The supported time units are:
secondminutehourdayweekmonth(30 days)year(365 days).
Singular and plural forms are both accepted (e.g., "1 day" and "2 days").
Tip
A UTC/GPS time converter is available at the Gravitational Wave Open Science Center.
Tip
Sampling frequencies are often powers of 2 for efficiency. Common choices:
- 4096 Hz (standard for GW data analysis)
- 2048 Hz
- 16384 Hz (high-frequency instruments)
Lowering sampling frequency reduces computation time but also reduces the highest resolvable frequency (Nyquist limit = sampling_frequency / 2).

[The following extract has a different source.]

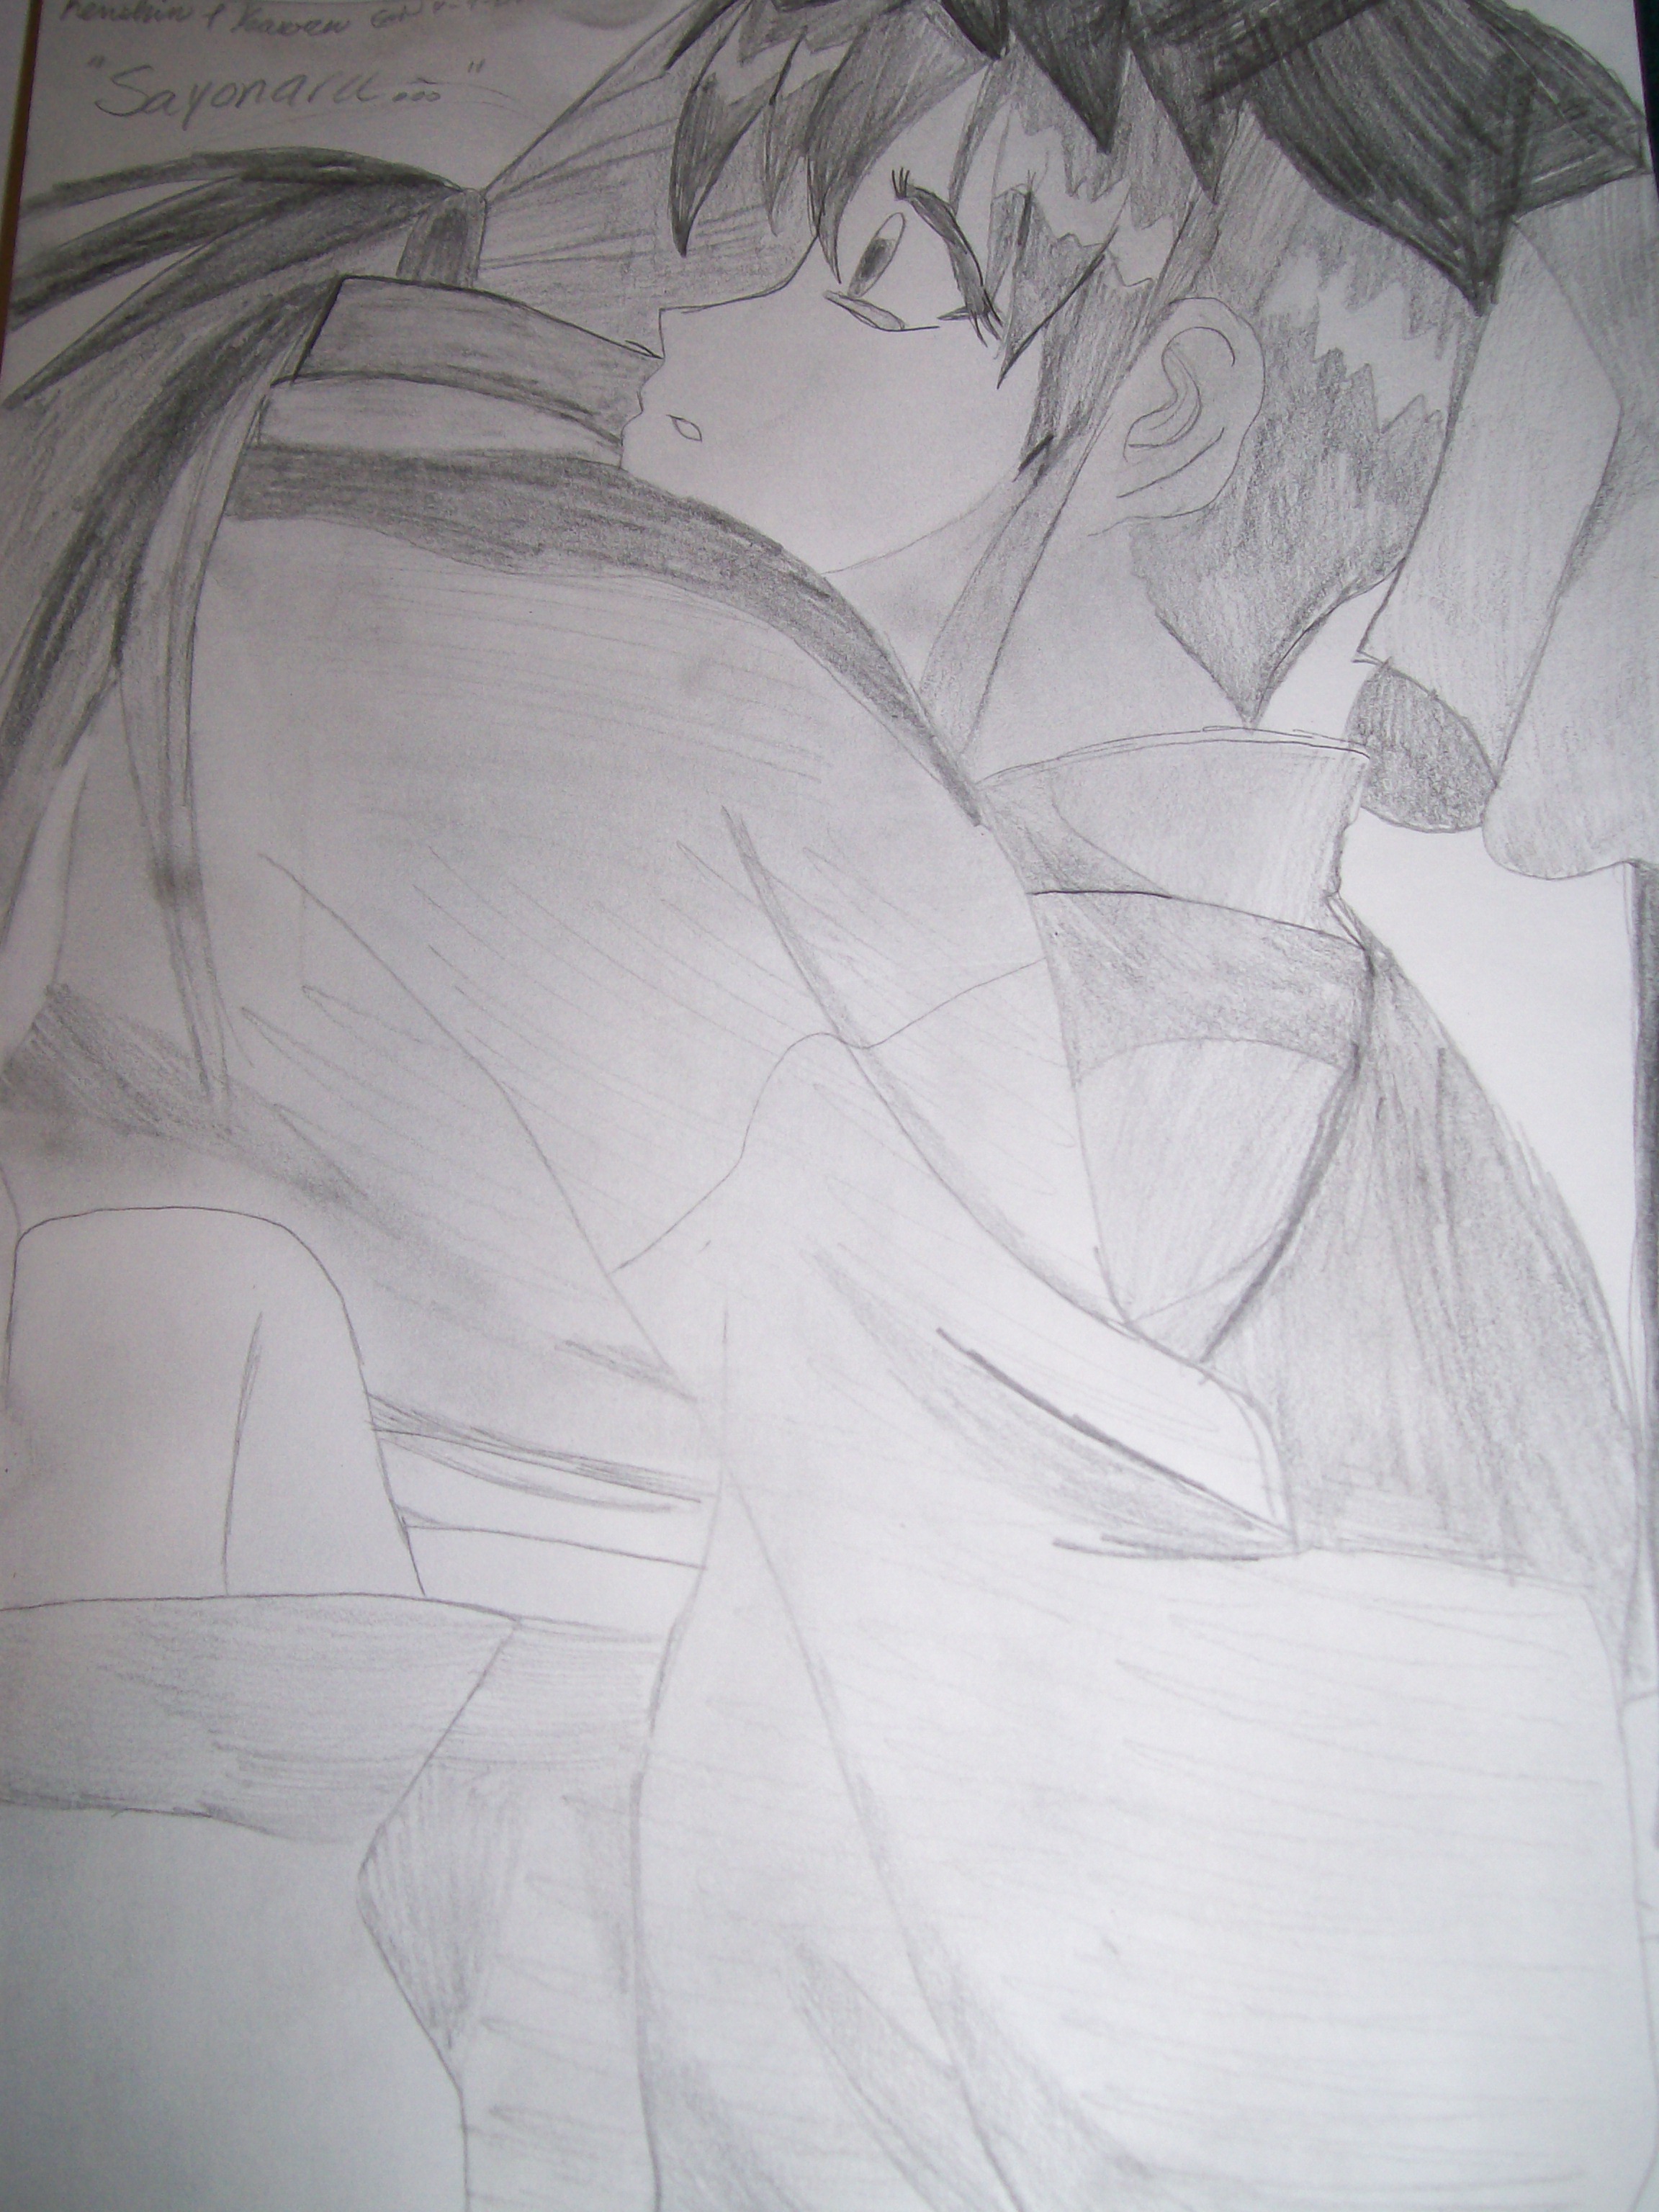 Kenshin and Kaoru by Sasuke_Uchiha1121

Generate Multi-Detector Correlated Noise¶
You can generate multi-detector correlated noise by specifying a cross-power spectral density (CSD) file:
Warning
The example configuration file is not fully tested yet. Use at your own risk.
globals:
simulator-arguments:
sampling-frequency: 4096
duration: 4096
total-duration: '1 day'
start-time: 1577491218
working-directory: './ET_Triangle_EMR_correlated_noise'
output-directory: 'data'
metadata-directory: 'metadata'
simulators:
noise:
class: gwmock_noise.CorrelatedNoiseSimulator
arguments:
psd_file: ET_10_full_cryo_psd.txt
csd_file: path_to_csd_file.txt
detectors:
- E1_Triangle_EMR
- E2_Triangle_EMR
- E3_Triangle_EMR
low_frequency_cutoff: 2
seed: 42
output:
file_name:
'E-{{ detectors }}_CORRELATED-NOISE_STRAIN-{{ start_time }}-{{
duration }}.gwf'
arguments:
channel: '{{ detectors }}:STRAIN'
gwmock uses a windowing approach to generate long-duration datasets. If the
input CSD varies rapidly with frequency, this windowing can introduce artifacts
in the resulting frame files.
A diagnostic tool to check whether your CSD file is susceptible to such issues will be provided soon.
Resume Interrupted Simulations¶
If a simulation is interrupted, resume it by running the same command:
# Start
gwmock simulate config.yaml
# If interrupted, resume
gwmock simulate config.yaml
gwmock automatically detects and continues from the last checkpoint.
Combining Data Types¶
To create realistic mock data, you may generate noise, signals, and glitches separately, then combine them:
gwmock simulate noise_config.yaml
gwmock simulate signal_config.yaml
gwmock simulate glitch_config.yaml
Then merge the files using GWpy (see Reading Data for details).